Should I worry about bit rot on my new server?


ph0ton

Recommended Posts

Hi guys,

 

I am researching my options wrt. a home sever. I have read lots of pages about hardware on your (very) friendly forums and tried out Unraid on a small test server, and it seems very straight forward and easy to use. As I understand it, Unraid works by make realtime parity calculations between a data drive and parity drive. A clever share layer is placed on top of the drive partitions, so shares can spand multiple drives. It is also able to use an SSD to give burst write qualities to the array.

 

I was fairly convinced that I was going to use unraid. However, it seems that the old saying "the more I learn, the less I know" seem to have struck me a lot. I have 3 options to choose from:

 

Unraid:

+ Burn USB & go

+ Power efficient data access (only partition drive and required data drive spins up during access)
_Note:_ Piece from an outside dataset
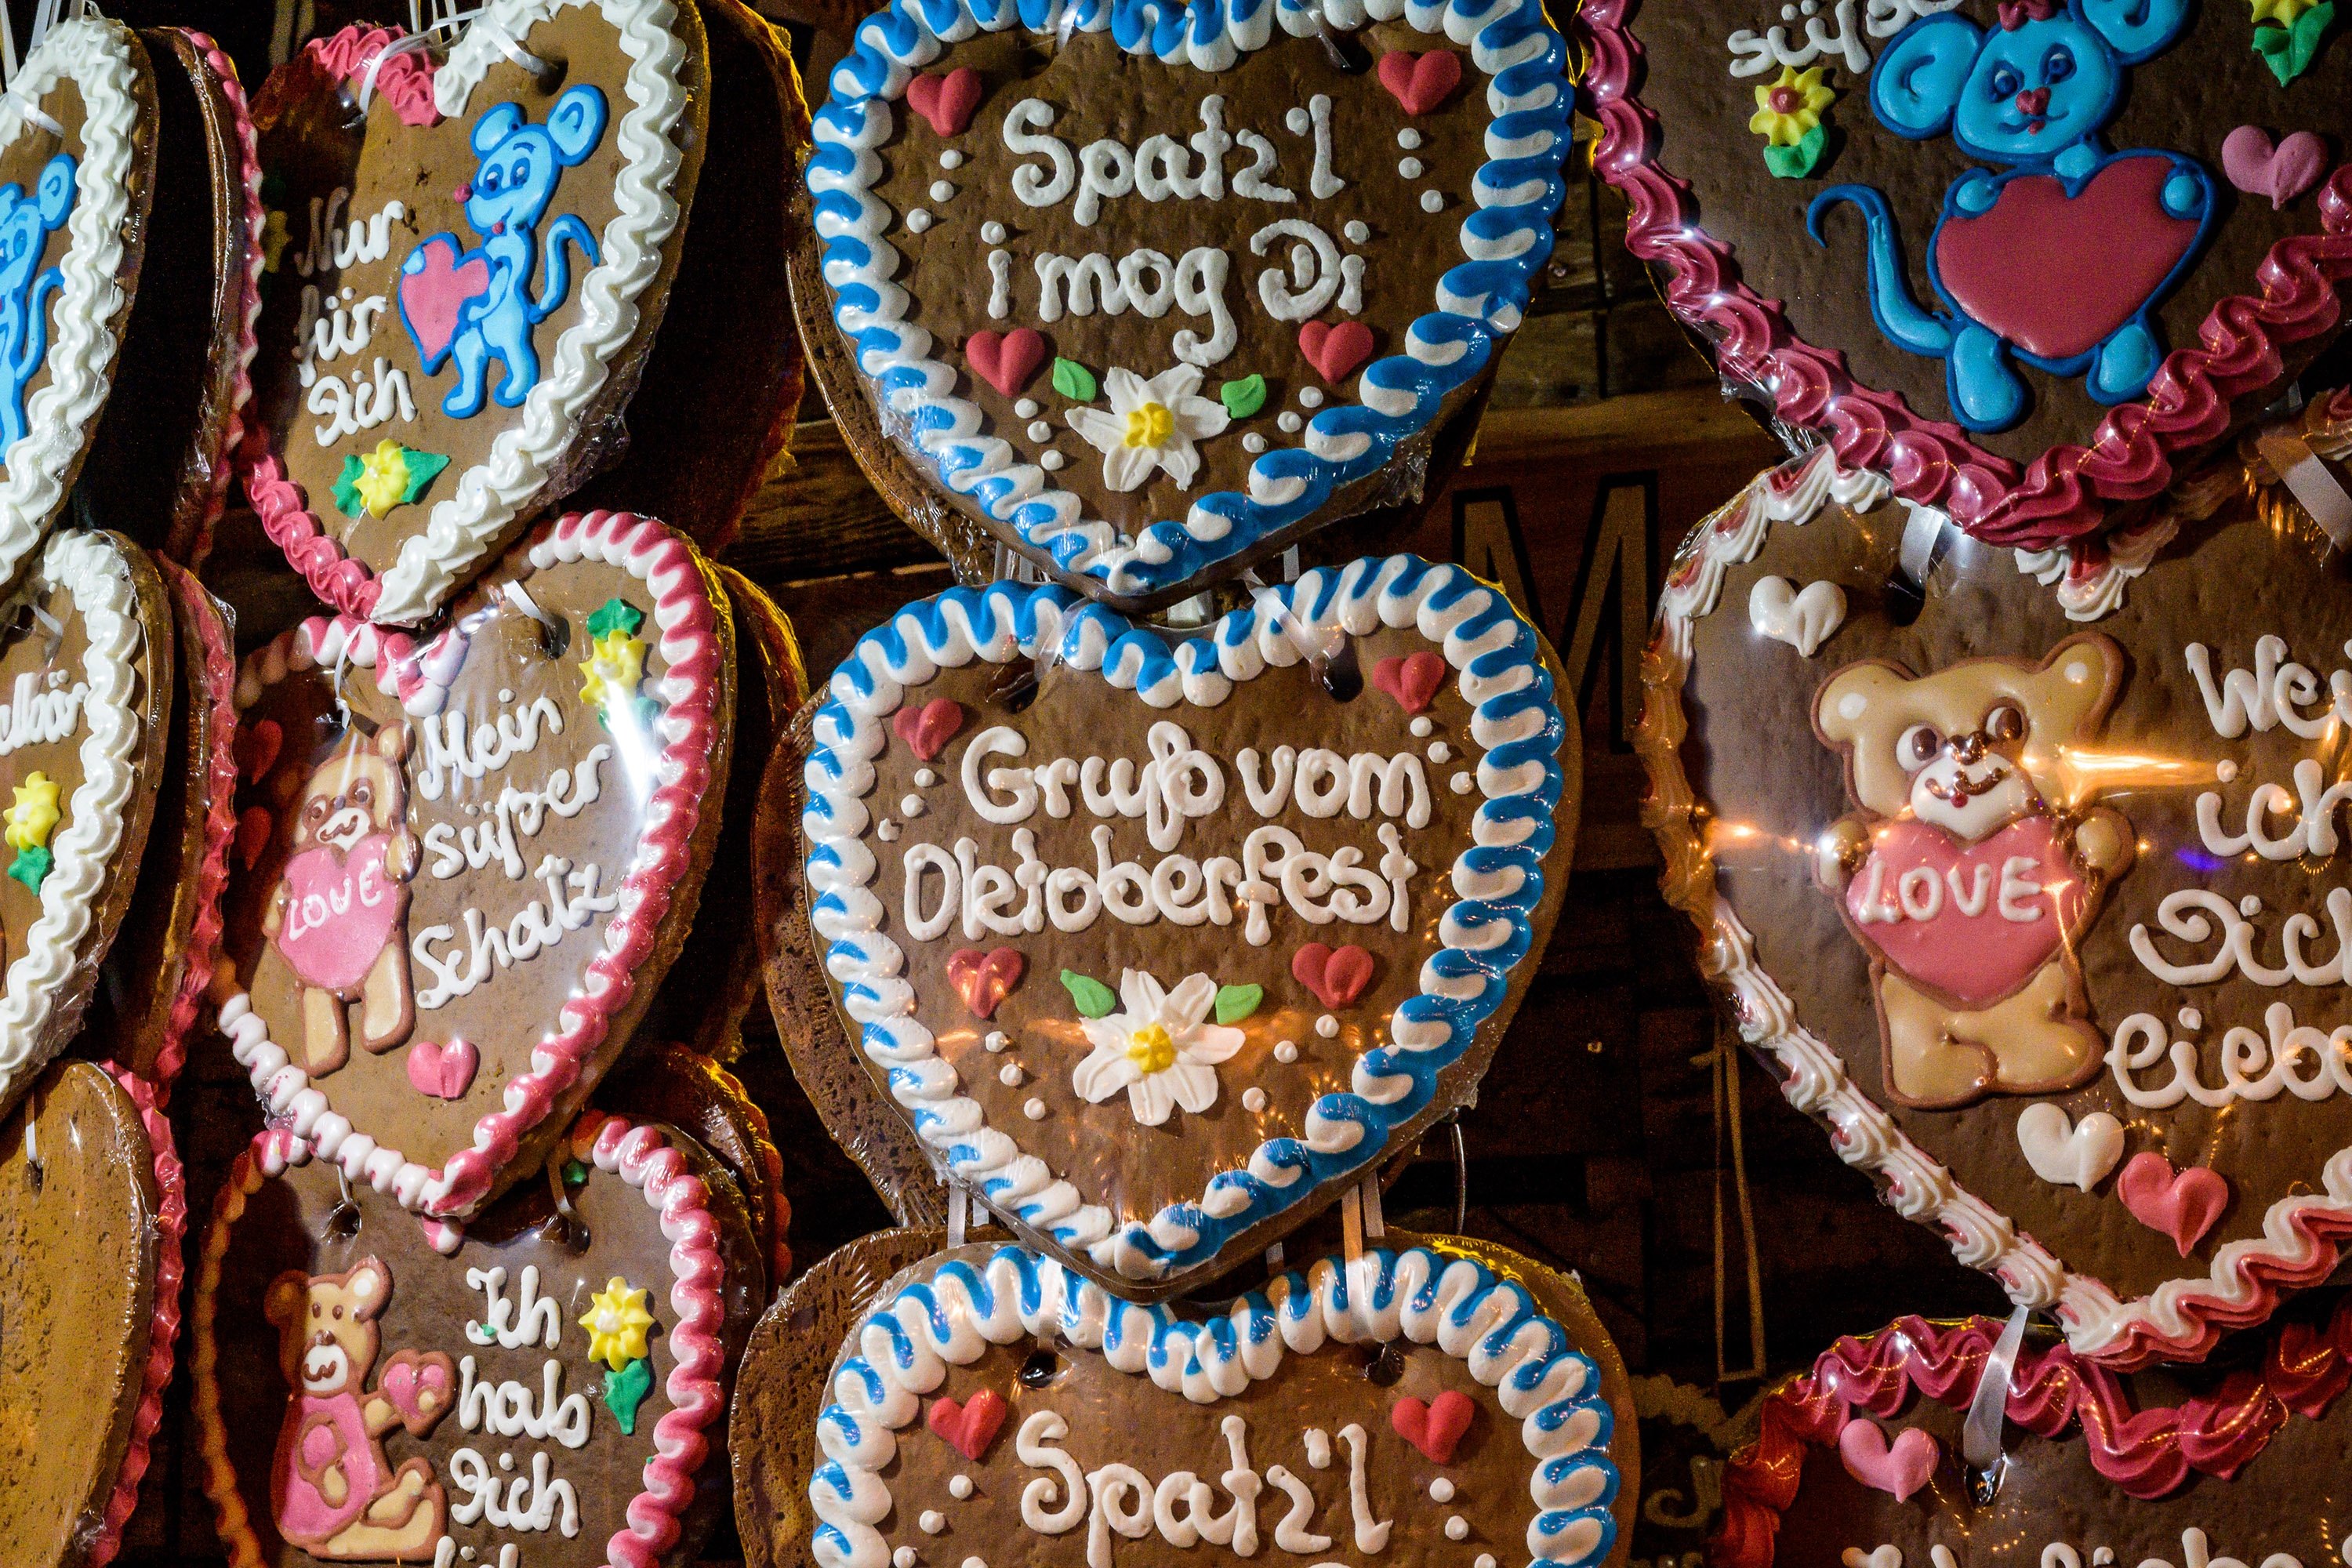 A stall sells traditional sweets and German gingerbread cookies at Oktoberfest in Koblenz, Germany, Sept. 27, 2019. (Shutterstock Photo)

+ Core docker and VM features for easy server application management

+ Very active community

- No bit rot / silent error protection

- Some of the software features seem a little "homemade" (e.g. the cache is working on file level, not on a block/sector level - Please lecture me if I'm wrong )

 

Debian / Snapraid install:

+ Debian very well supported. Almost all issues can be googled (I am not intimidated by the commandline as well)

+ Mature package system

+ Snapraid seems fairly simple to setup, altough not exactly  a turn key solution (you need to some homecooking on some maintenance script to start the ball running).

+ I can use Open Media vault for the day-to-day management.

+ Snapraid offers bit rot protection and recovery.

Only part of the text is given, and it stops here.